To single amino acids, establish frequency _{1, i}Be its occurrence number, Freq ₁Be the maximal value of 20 kinds of single amino acids frequencies of occurrences, then the weights of single amino acids are defined as:

{weight}_{1, i} = \frac{{frequency}_{1, i}}{{Freq}_{1}}, 1 \leq i \leq 20

Similarly, the conjuncted weights of k are:

{weight}_{k, i} = \frac{{frequency}_{k, i}}{{Freq}_{k}} \times C^{k - 1}, 1 \leq i \leq N, 1 \leq k \leq \max Len, C &GreaterEqual; 1

Wherein N is the conjuncted number of K-that data centralization occurs, and maxLen is conjuncted maximum length, and C is an adjustable parameter, and its effect is to guarantee that the weights of long word are bigger than short speech.
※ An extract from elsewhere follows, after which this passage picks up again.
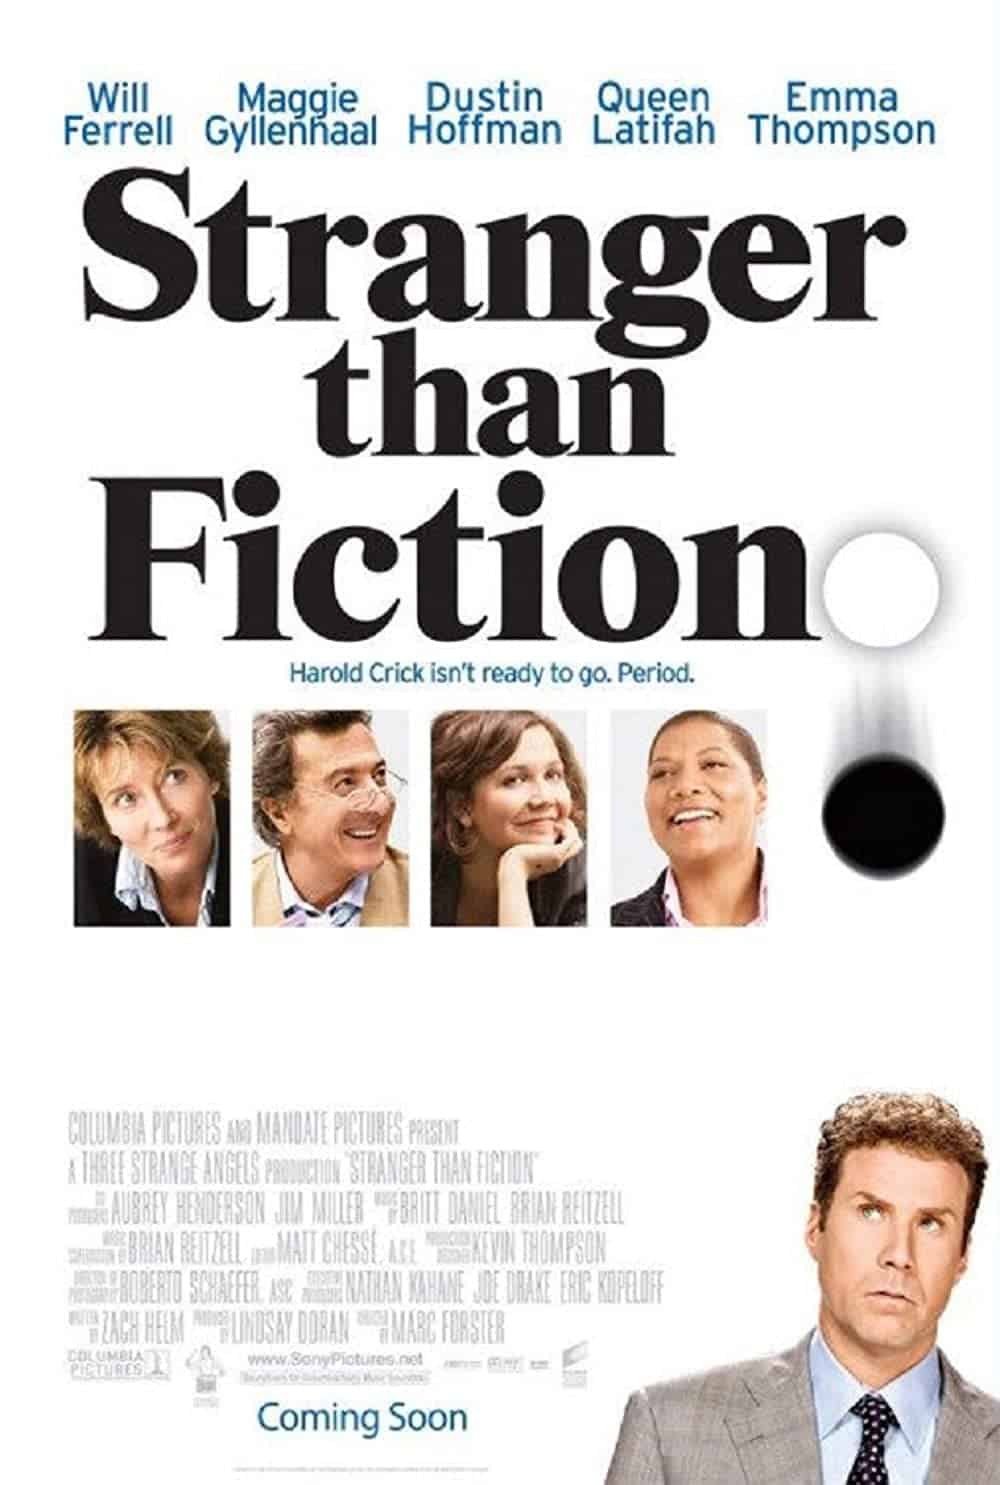 Fight Club similar movie Stranger than Fiction (2006)

Each is had the slit mode of minimum hop count, and the weights product is defined as:

P_{S, T} = \underset{W}{Π} {weight}_{w}^{n_{w}}, w &Element; W

Wherein W is all set of letters that matches, n _wThe number of times that expression word w is mated when given sequence S adopts slit mode T.Calculate the weights product, just can select optimum a kind of slit mode.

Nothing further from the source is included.